Work task: Output the line that contains "Nice and simple" together with each line after it, through the final line of the listing below, word for word; omit pictures.

Supplied material:
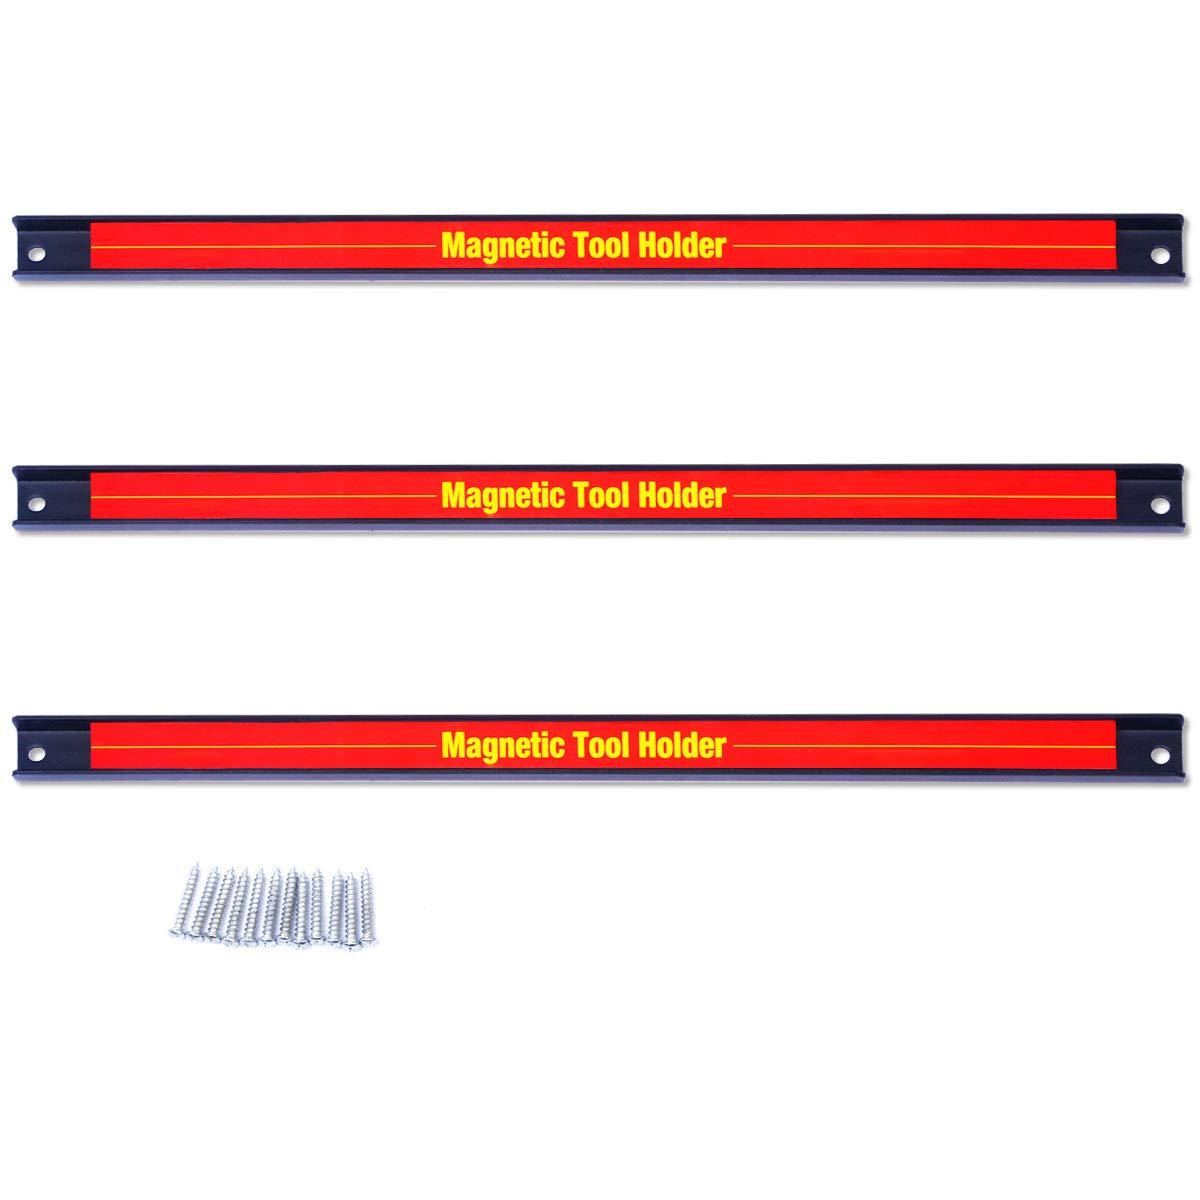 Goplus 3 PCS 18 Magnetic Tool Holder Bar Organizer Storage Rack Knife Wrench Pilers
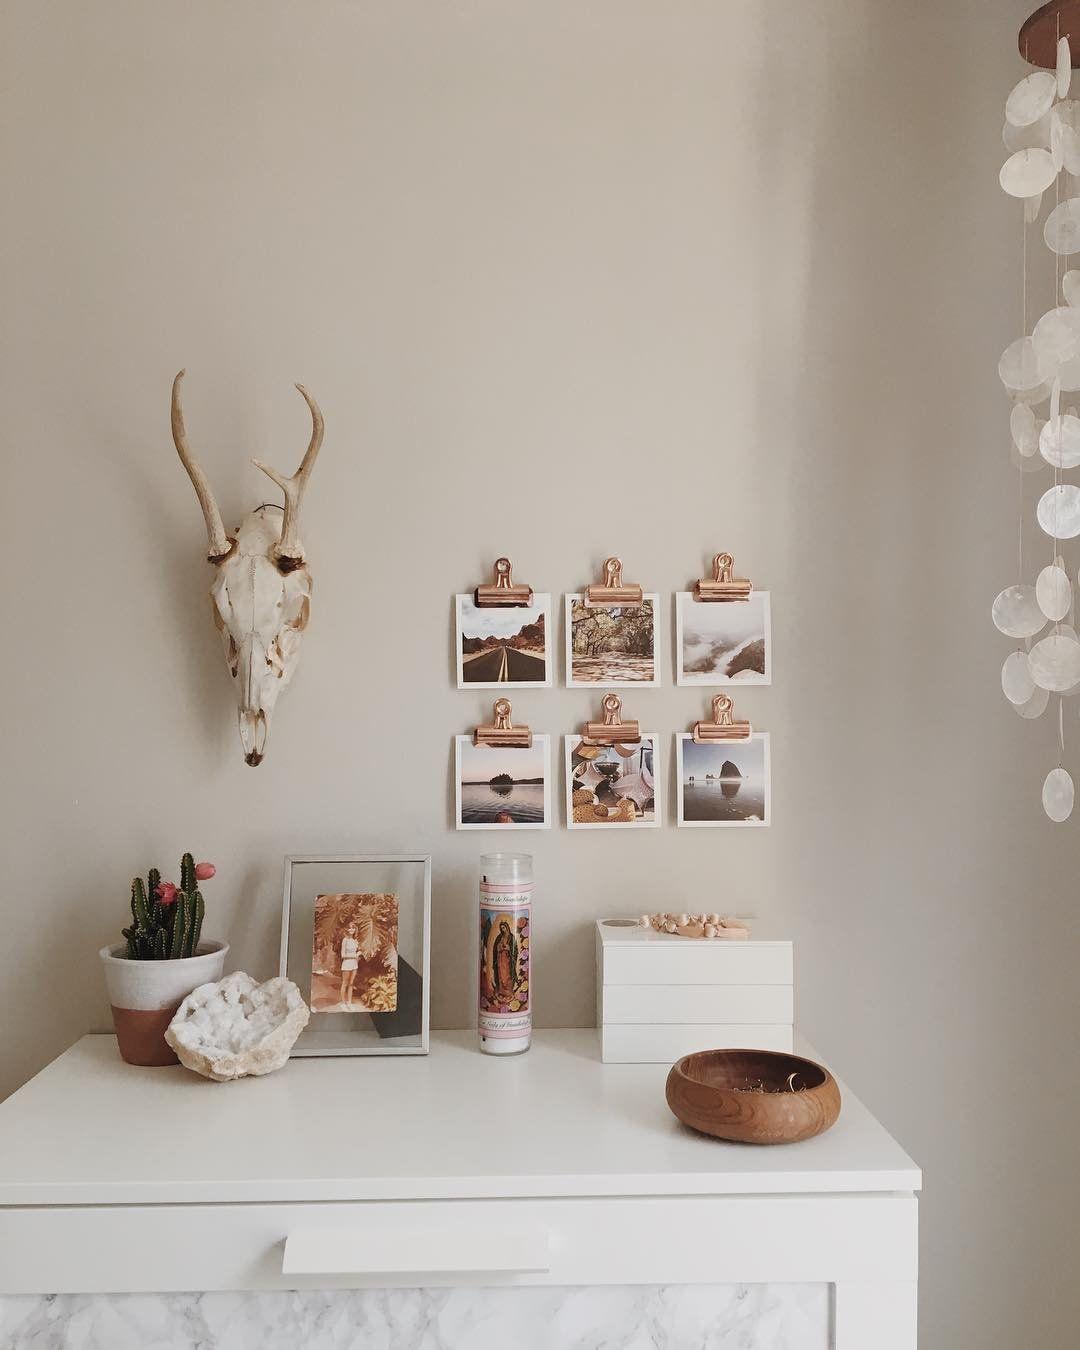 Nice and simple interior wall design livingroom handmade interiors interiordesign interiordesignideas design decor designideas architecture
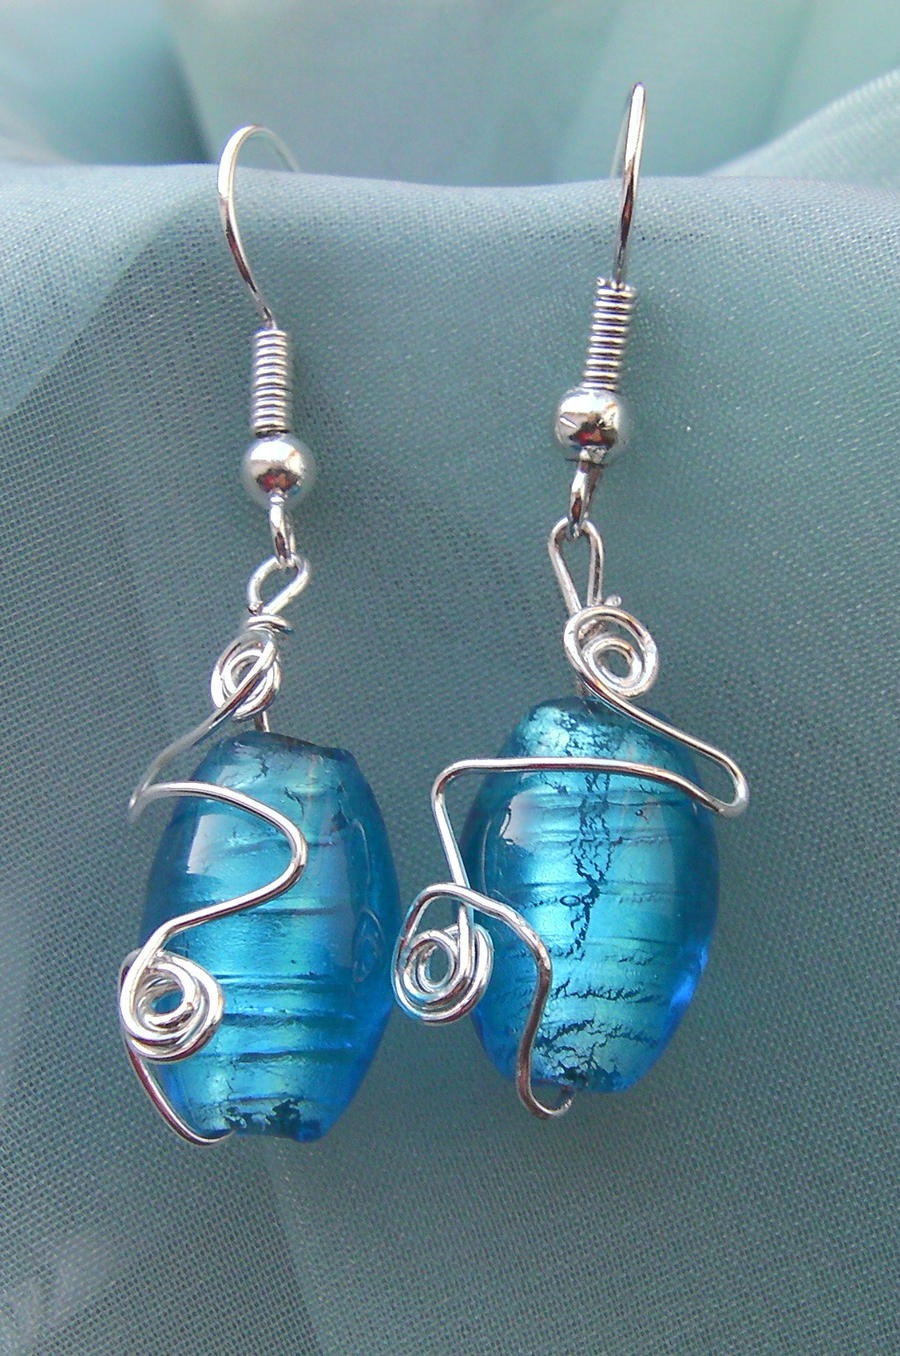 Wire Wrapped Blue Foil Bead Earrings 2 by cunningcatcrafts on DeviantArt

Result of this task:
 Nice and simple interior wall design livingroom handmade interiors interiordesign interiordesignideas design decor designideas architecture
 Wire Wrapped Blue Foil Bead Earrings 2 by cunningcatcrafts on DeviantArt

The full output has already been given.